The following columns contain results returned by standardScreeningBinaryTrait or standardScreeningNumericTrait (depending on whether the input trait is binary or continuous).

For binary traits, the following information is returned for each set:

`corPearson.Set_1, corPearson.Set_2,...`	Pearson correlation with a binary numeric version of the input variable. The numeric variable equals 1 for level 1 and 2 for level 2. The levels are given by levels(factor(y)).
`t.Student.Set_1, t.Student.Set_2, ...`	Student t-test statistic
`pvalueStudent.Set_1, pvalueStudent.Set_2, ...`	two-sided Student t-test p-value.
`qvalueStudent.Set_1, qvalueStudent.Set_2, ...`	(if input `qValues==TRUE`) q-value (local false discovery rate) based on the Student T-test p-value (Storey et al 2004).
`foldChange.Set_1, foldChange.Set_2, ...`	a (signed) ratio of mean values. If the mean in the first group (corresponding to level 1) is larger than that of the second group, it equals meanFirstGroup/meanSecondGroup. But if the mean of the second group is larger than that of the first group it equals -meanSecondGroup/meanFirstGroup (notice the minus sign).
`meanFirstGroup.Set_1, meanSecondGroup.Set_2, ...`	means of columns in input `datExpr` across samples in the second group.
`SE.FirstGroup.Set_1, SE.FirstGroup.Set_2, ...`	standard errors of columns in input `datExpr` across samples in the first group.
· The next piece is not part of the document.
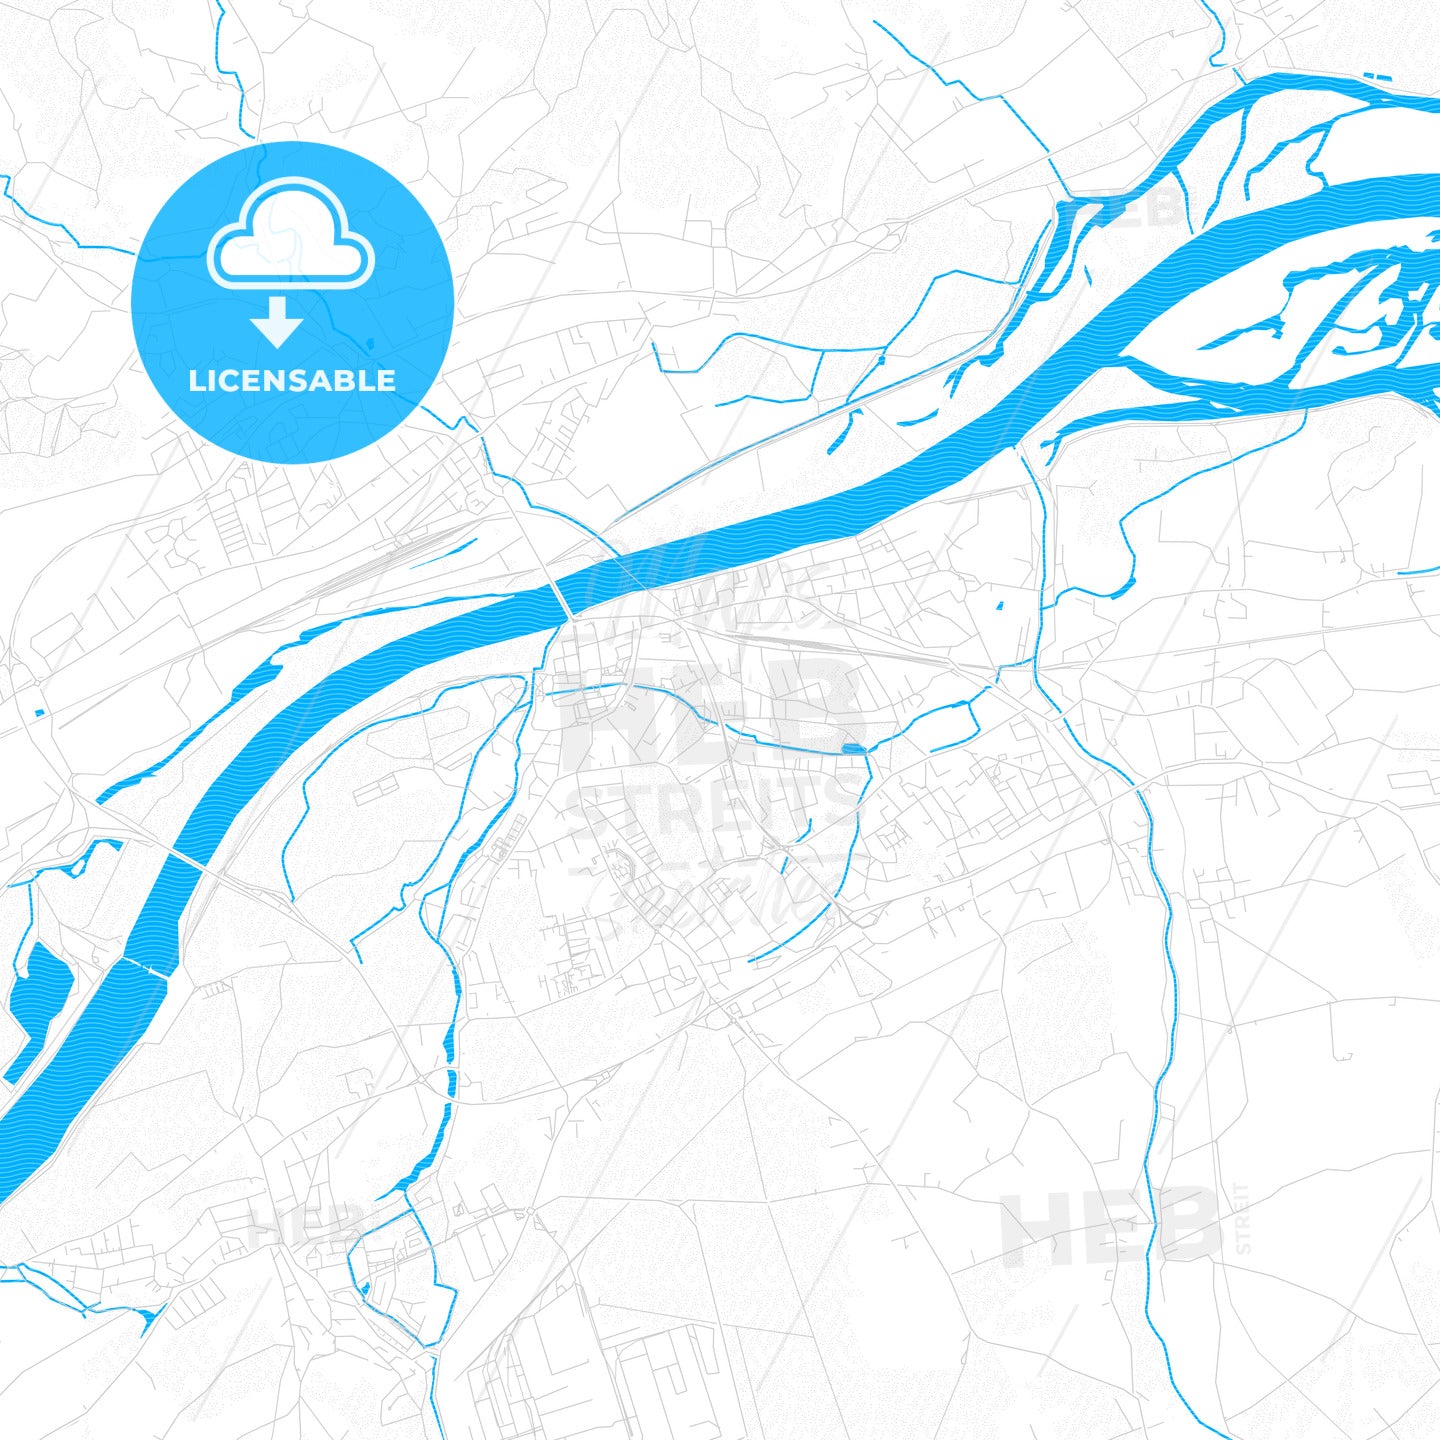 Braunau am Inn, Austria PDF vector map with water in focus

Recall that SE(x)=sqrt(var(x)/n) where n is the number of non-missing values of x.
`SE.SecondGroup.Set_1, SE.SecondGroup.Set_2, ...`	standard errors of columns in input `datExpr` across samples in the second group.
`areaUnderROC.Set_1, areaUnderROC.Set_2, ...`	the area under the ROC, also known as the concordance index or C.index. This is a measure of discriminatory power. The measure lies between 0 and 1 where 0.5 indicates no discriminatory power. 0 indicates that the "opposite" predictor has perfect discriminatory power. To compute it we use the function rcorr.cens with `outx=TRUE` (from Frank Harrel's package Hmisc).
`nPresentSamples.Set_1, nPresentSamples.Set_2, ...`	number of samples with finite measurements for each gene.
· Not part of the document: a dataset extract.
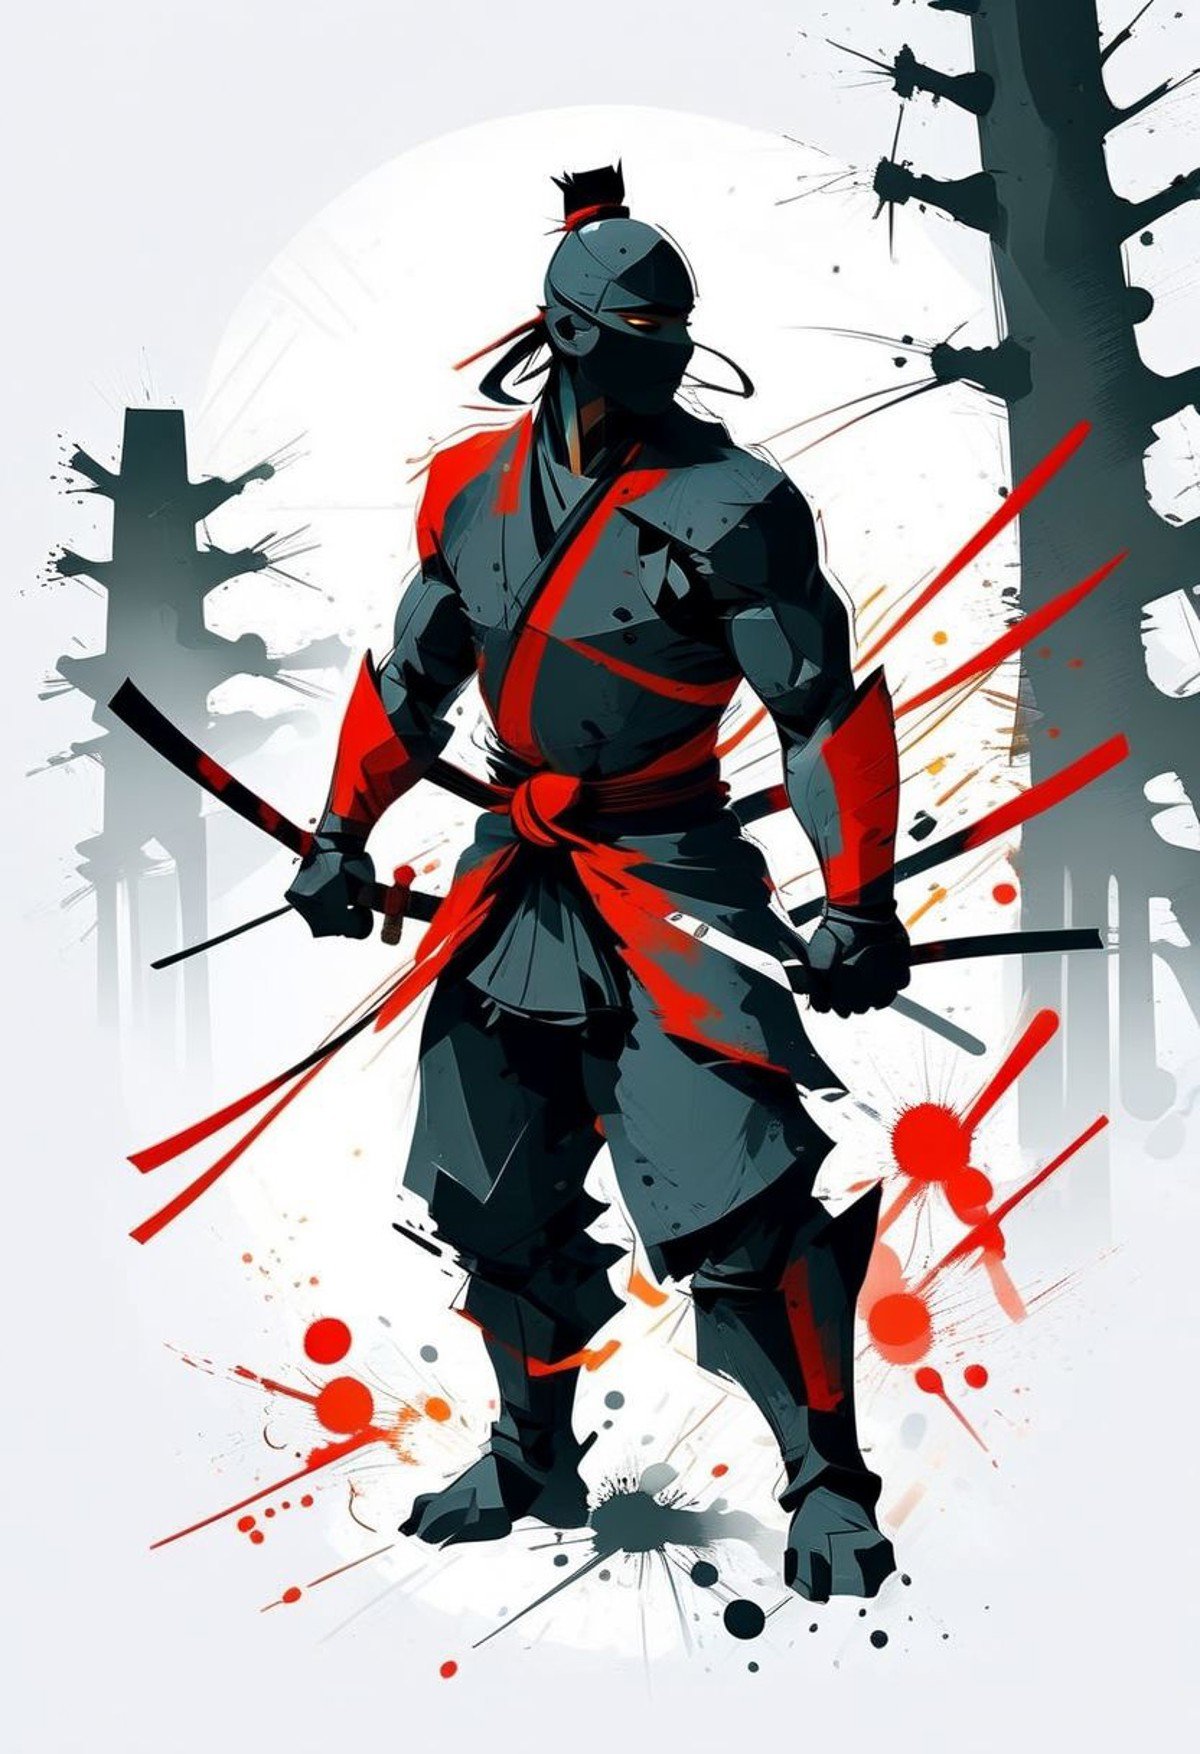 samurai at forest, colorart

If input kruskalTest is TRUE, the following columns further summarize results of Kruskal-Wallis test:

`stat.Kruskal.Set_1, stat.Kruskal.Set_2, ...`	Kruskal-Wallis test statistic.
`stat.Kruskal.signed.Set_1, stat.Kruskal.signed.Set_2,...`	(Warning: experimental) Kruskal-Wallis test statistic including a sign that indicates whether the average rank is higher in second group (positive) or first group (negative).
`pvaluekruskal.Set_1, pvaluekruskal.Set_2, ...`	Kruskal-Wallis test p-value.
`qkruskal.Set_1, qkruskal.Set_2, ...`	q-values corresponding to the Kruskal-Wallis test p-value (if input `qValues==TRUE`).
`Z.Set1, Z.Set2, ...`	Z statistics obtained from `pvalueStudent.Set1, pvalueStudent.Set2, ...` or from `pvaluekruskal.Set1, pvaluekruskal.Set2, ...`, depending on input `metaKruskal`.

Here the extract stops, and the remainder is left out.